• Records for the task:

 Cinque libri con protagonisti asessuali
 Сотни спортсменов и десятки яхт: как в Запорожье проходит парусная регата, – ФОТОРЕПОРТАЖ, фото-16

* * *

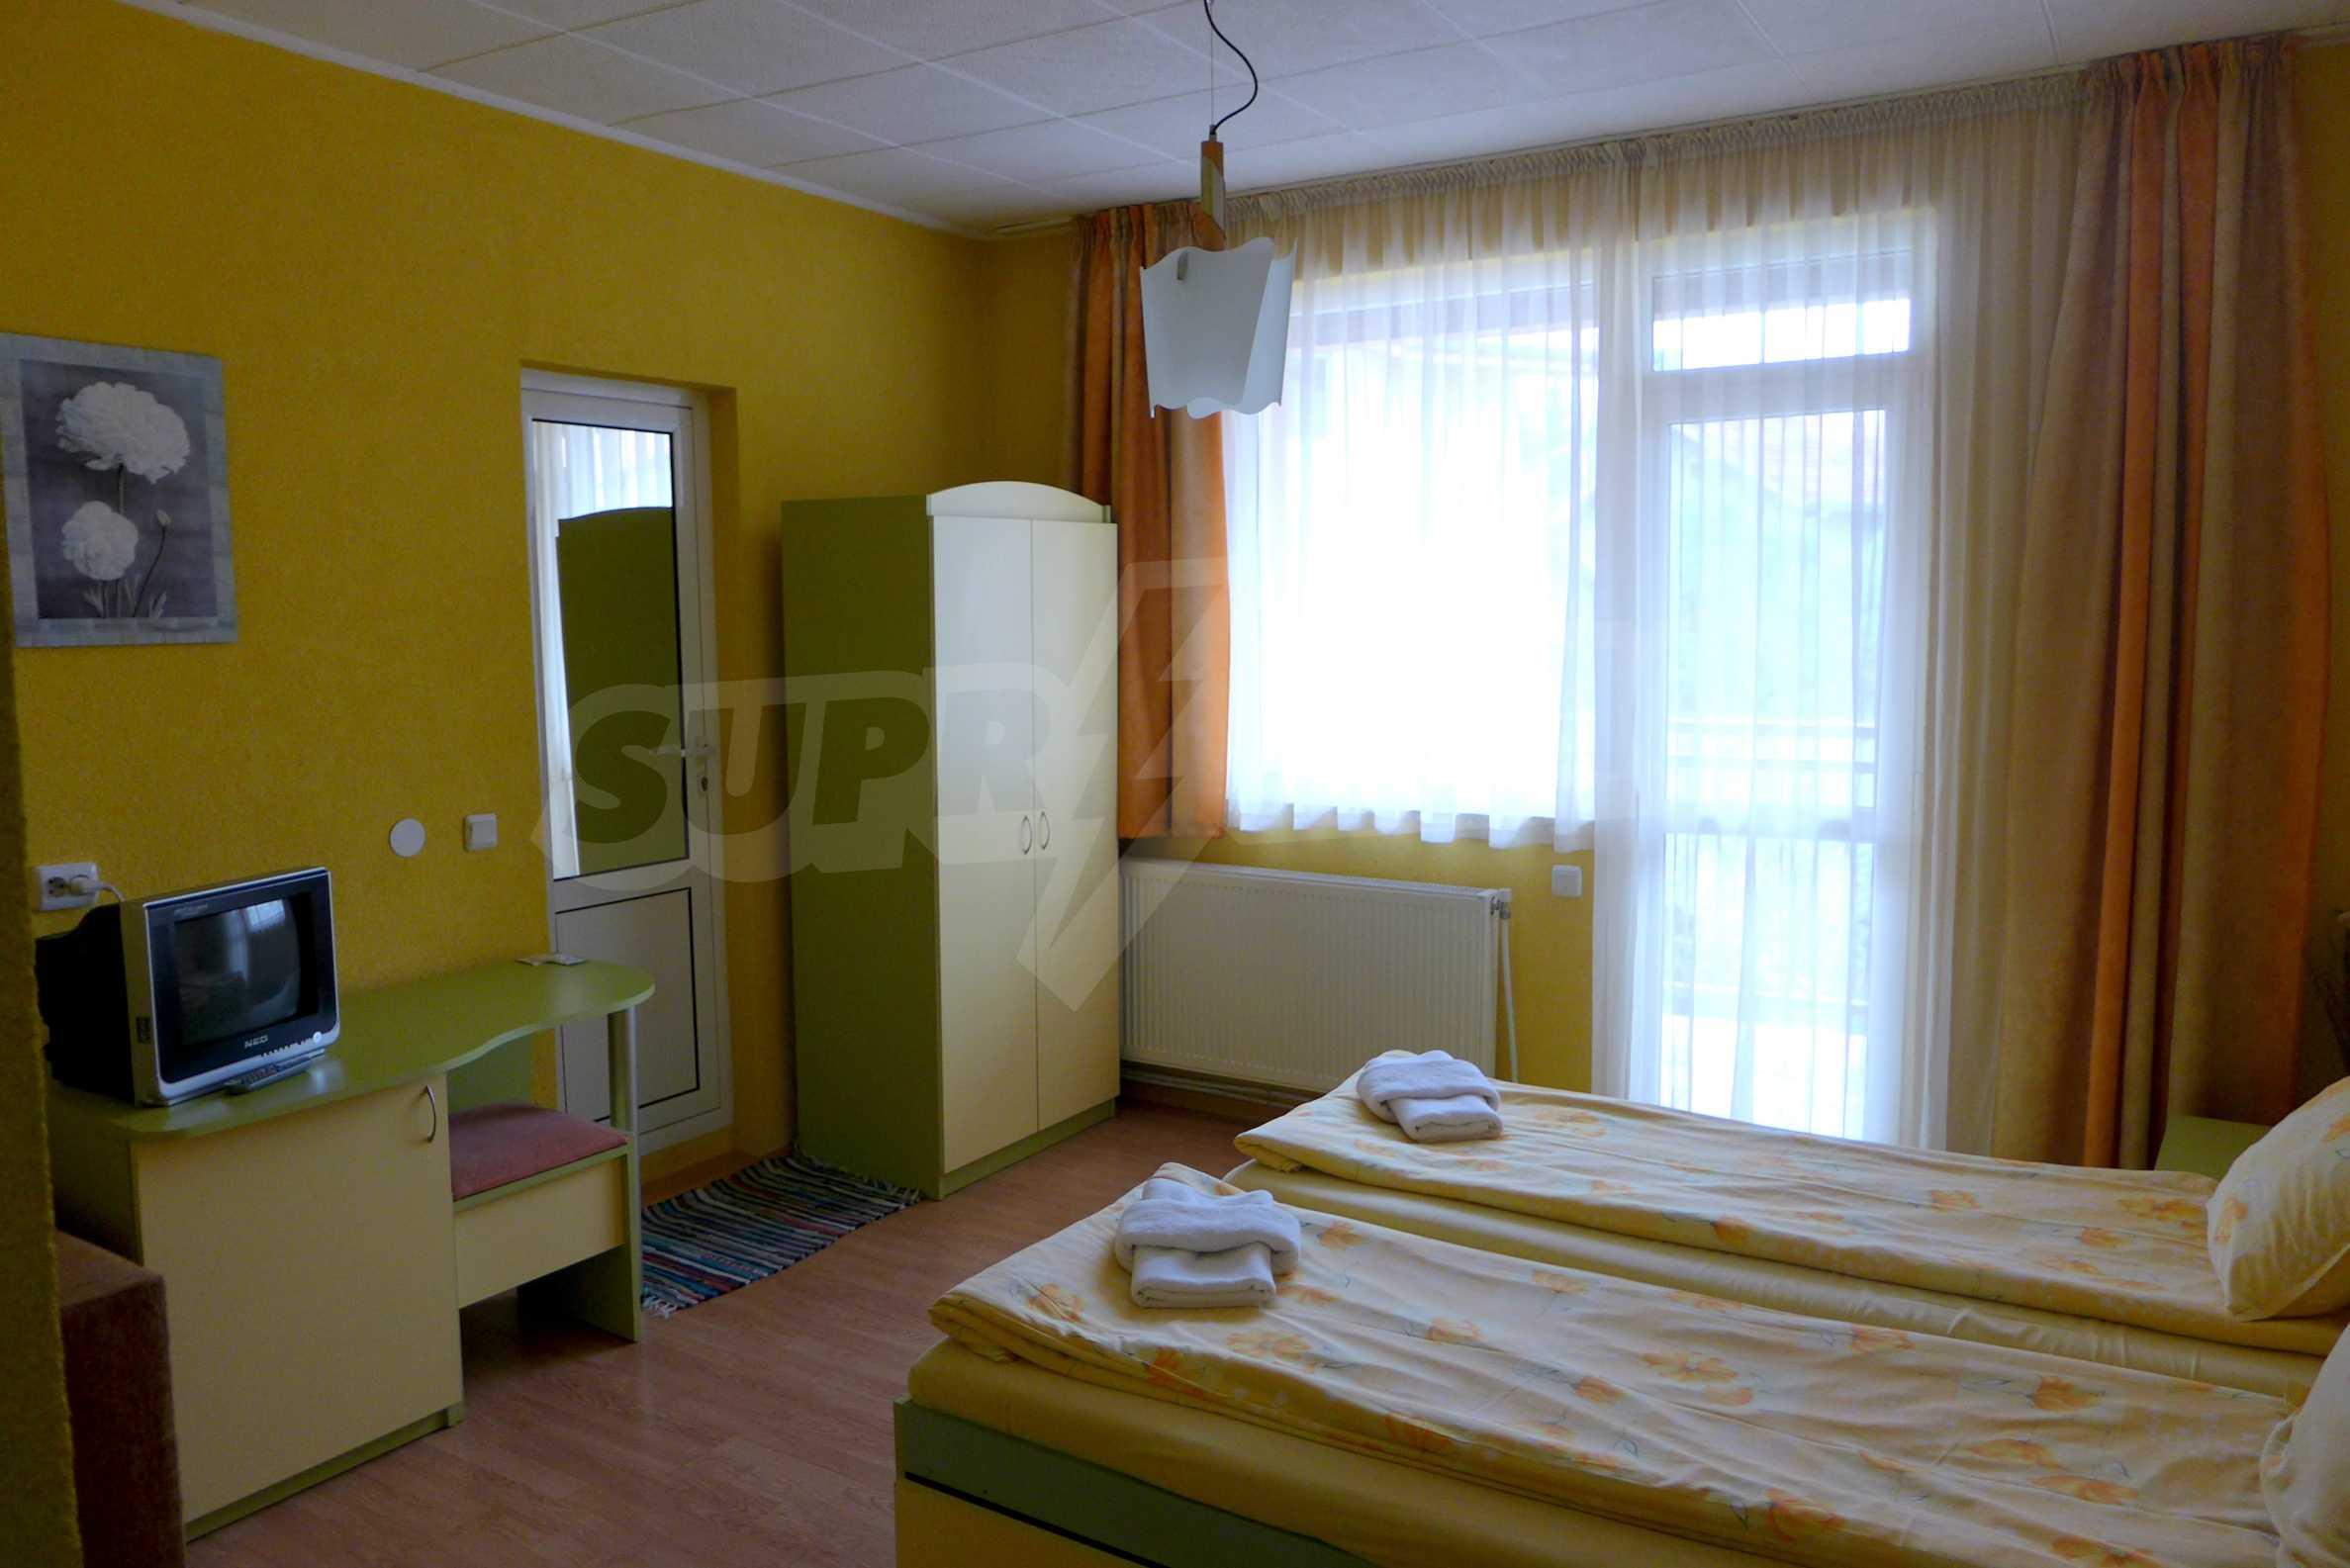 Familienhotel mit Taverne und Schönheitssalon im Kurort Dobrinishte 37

• What this task involves:
Output the material above exactly, but only from the line that carries "Cinque libri con protagonisti asessuali" through the line that carries "Сотни спортсменов и".

• Result for this task:
 Cinque libri con protagonisti asessuali
 Сотни спортсменов и десятки яхт: как в Запорожье проходит парусная регата, – ФОТОРЕПОРТАЖ, фото-16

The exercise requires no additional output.